When I am not rummaging through client closets or using my forearms as a makeshift clothing rack on client shopping excursions, I occasionally moonlight as an actor. What kind of an actor, you ask? The Joey Tribbiani, I go on auditions and pretend-to-smell-farts-to-appear-perplexed-kind-of-actor. Perhaps you have seen my blurred out face in some local obscure Portland ads or heard my distress in The Wonderland Murders. But unless you spend your time watching B-level TV shows and enjoy following the life of pixelated models, the odds that you have seen me are minimal.
The success of an actor hinges upon her ability to distinguish herself from the masses. And I know what you’re thinking: how on earth do you do that in a city like Portland, where, well, we are all basically a colony of attention-starved middle children convinced that we are the next “everything”? Good question. The answer lies in finding the “hero” in your auditions. For all the lines you memorize, there is always a hero: a sentence or word that is most important and requires the utmost concentrated creative interpretation. Maybe that means toying with inflection or tinkering with tone changes, but one thing is true: nail the hero, win the role.
In my early days, I made the mistake of thinking every sentence and word had equal value, everything I memorized for my auditions was a “hero.” I played with tones and put inflections on words that made me sound like I was inebriated while passing through the early stages of a stroke. Suffice to say, there is only one hero in a given audition - any more and you will sound like Anchor Man’s “…I’m Ron Burgundy?”
So when it comes to your style, the rule of a singular hero still stands. I credit my beloved Tan France of Queer Eye for his reinvention of the word in the styling arena. In your ensemble there should only be one piece that conjures the utmost creativity. Be it color, silhouhette or texture: remember there can only be one “hero” in any outfit - everything else must play a supporting role – aka the sidekick. Find the hero, win in style.

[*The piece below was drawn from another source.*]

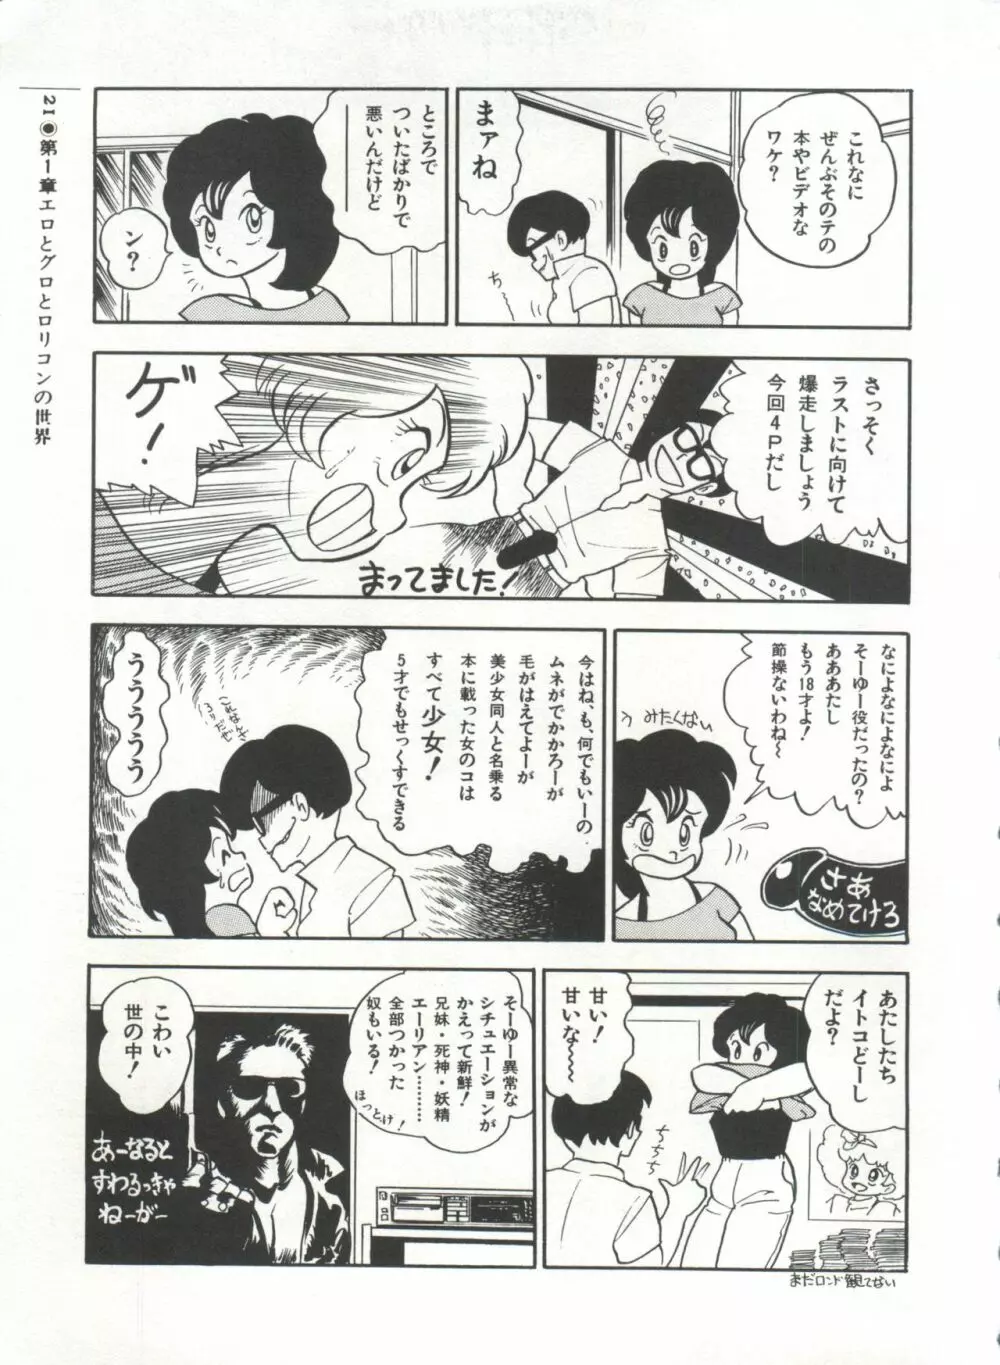 [Anthology] 美少女症候群(2) Lolita syndrome (よろず) 24ページ

Rule One: One Pop Of Color (Or Print) Only
While this is not a hard and fast rule that can never be broken, wear multiple pops of color and the consequences are quite simple: you cause visual distress to onlookers and you run the risk of making your two stand-alone hero pieces appear tacky. Remember, in any ensemble, balance is key. In this outfit at the top of the post, my off-shoulder top is a bold and neon-esque pink - the obvious “hero” of the outfit. If you pair this top with white shorts or an overly complicated heel, the outfit would look “overdone” and every item would seem in competition with the others. Instead, I have chosen to bring balance to the outfit with a pair of dark washed black jeans and a simple heel. One color, one hero.
Rule 2: One Interesting Hemline Only
Even if you paired your hero piece with a neutral color like this black skirt, remember, any item that has a distinctive hemline like a pleated faux wrap or an asymmetrical hem will take attention away from the “hero.” Think of a distinctive hemline as it’s own “hero” piece. Here a better choice would be to pair this pink heroine with a classic black pencil skirt as the sidekick since its simple straight hemline compliments the butterfly-esque sleeves of the top and pulls the look together without being distracting.
Rule 3: Save Multiple Textures For The Runway
I have heard it said that textures can be mixed and played with to create interesting dimension in an outfit. And while I love the idea of silk, velvet, leather and metallic being able to coexist together, I respectfully dissent. Here is a fun example of playing with textures lived out in reality:
I would not go to brunch or run errands on a Sunday afternoon in this. However, I would wear this if I decided to be a gorgeous space alien from the future. When it comes to mixing multiple textures in conjunction with your hero piece, respectfully dissent and save that for the catwalkers on the runway. When you have secured a hero piece, choose a single muted texture that won’t compete to compliment the hero’s texture: try denim or a black leather pant. The textures are smooth and muted and bring structure and a tailored effect to the top.
Batman and Robin
We have never seen a movie called “Batman and Batman.” It’s always Batman and his complimentary sidekick, Robin. The same is true for your outfits: find your hero and its supporting cast and you’ll have a blockbuster outfit. When considering color, hemlines, or texture, allow your hero piece to shine and its best features will shine for the world to see. Add too many elements to the mix and your hero will get swallowed up in the shuffle.